Gelişmekte olan ekonomilerde yetenekle ilgili zorluklar
Gelişmekte olan ekonomilerde yetenekle ilgili manzara ortak özellikler göstermiştir. Örneğin çok becerili yetenekler için rekabet, tüm BRIC ülkelerinde yoğunlaşıyor. Özellikle genç, kaliteli adayların yıllarca aynı şirkette kalmış olan ebeveynlerinin izinden gitmeye niyetleri yok. Tersine, kendi değerlerinin farkına vararak batıdaki akranları gibi özgür bir zihniyetle davranıyorlar –kendi kişisel deneyim, beceri ve bilgi dağarcıklarına katkıda bulunacak işler arıyorlar. Bu ülkelerin ekonomik görüntüleri güçlendikçe, yetenek dolaşımının da giderek artacağından oldukça eminim.

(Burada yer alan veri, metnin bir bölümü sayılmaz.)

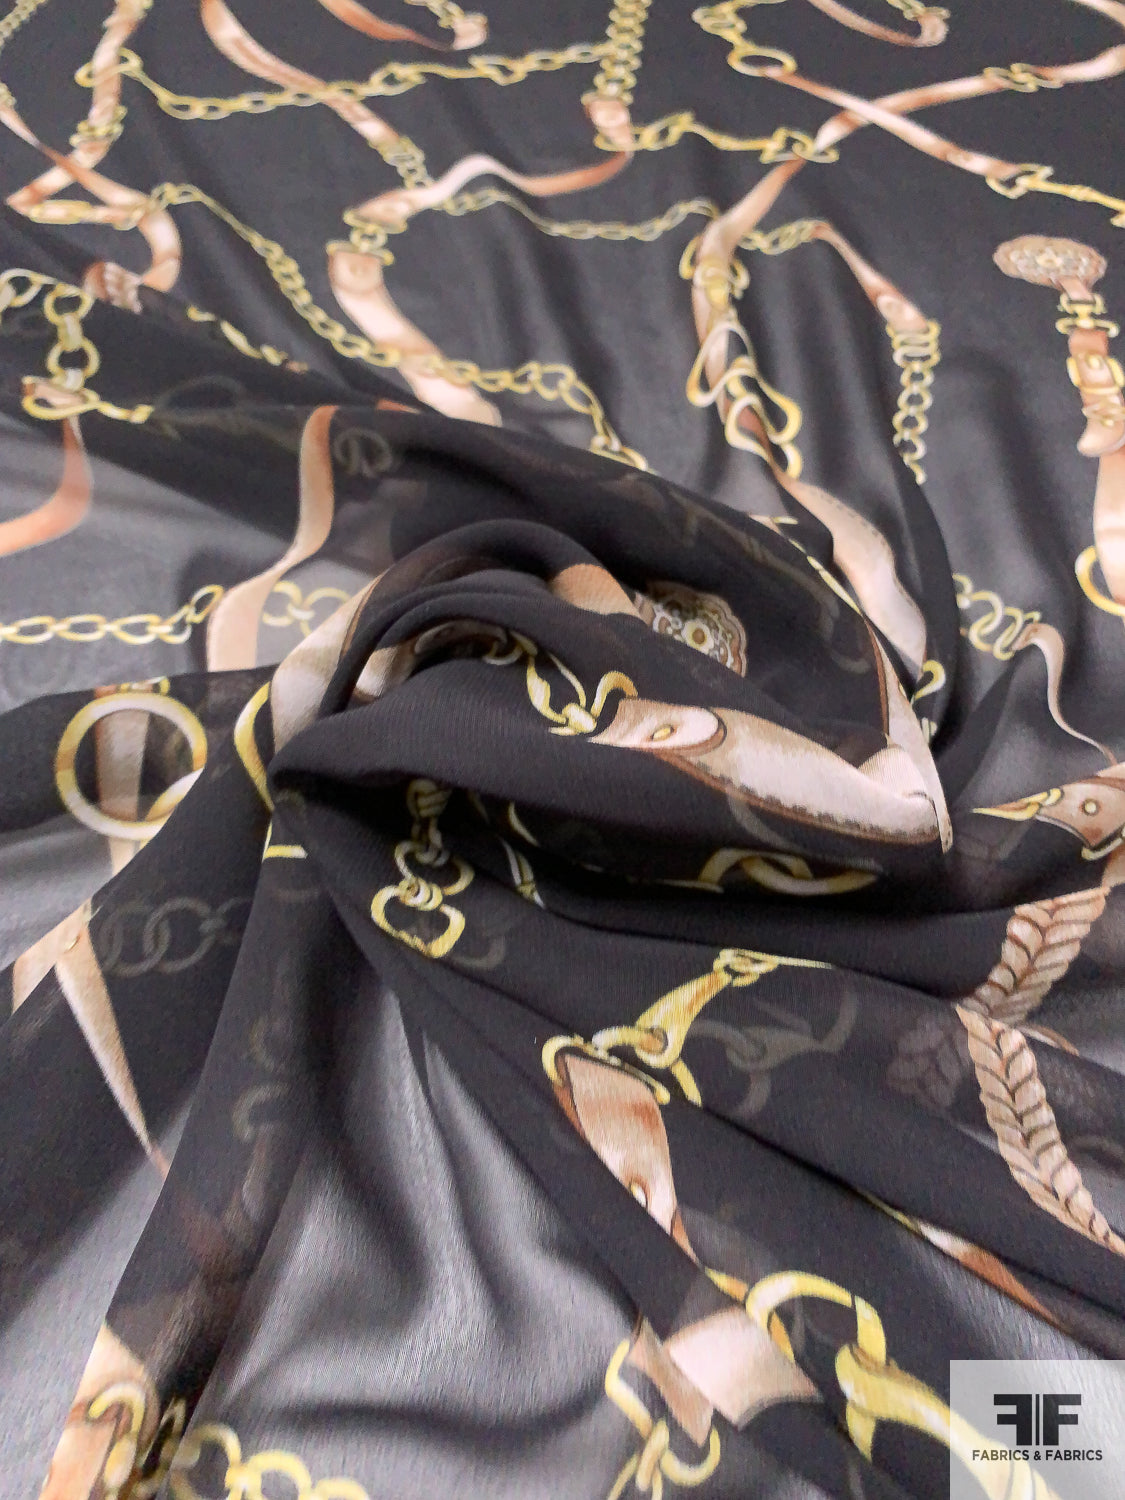 Belted Chains Printed Polyester Chiffon - Black / Gold / Tan

Bu sınır-ötesi benzerliklerin yanında, her ülkenin İK yöneticilerinin üstesinden gelmesi gereken farklı zorluklar olması ilginçtir. Örneğin Çin’de birçok çok-uluslu canlı bilimi şirketi, yerel çalışanlar arasındaki popülaritelerinin azaldığını anlamaya başladı ve kendilerini yetenek havuzundan daha büyük pay alan Çin devlet kuruluşlarıyla ve yerli firmalarla rekabet ederken buldular. Hindistan’da iş kurmaya kalkan şirketler için ise durum farklı. Onların gündeminin ilk sıralarında, Hindistan’ın Bangalore ve Bombay’daki biyo-teknoloji gruplarına, yıllardır pek çok işletmenin yapmaya çalıştığı zor bir iş olan, kritik becerilere sahip uluslararası yeteneklerin gelmesini sağlamak. Alt yapının olmaması, çevresel güçlükler ve güvenlik endişeleri, dışarıdan üst düzey yeteneklerin gelmesini zorlaştırıyor.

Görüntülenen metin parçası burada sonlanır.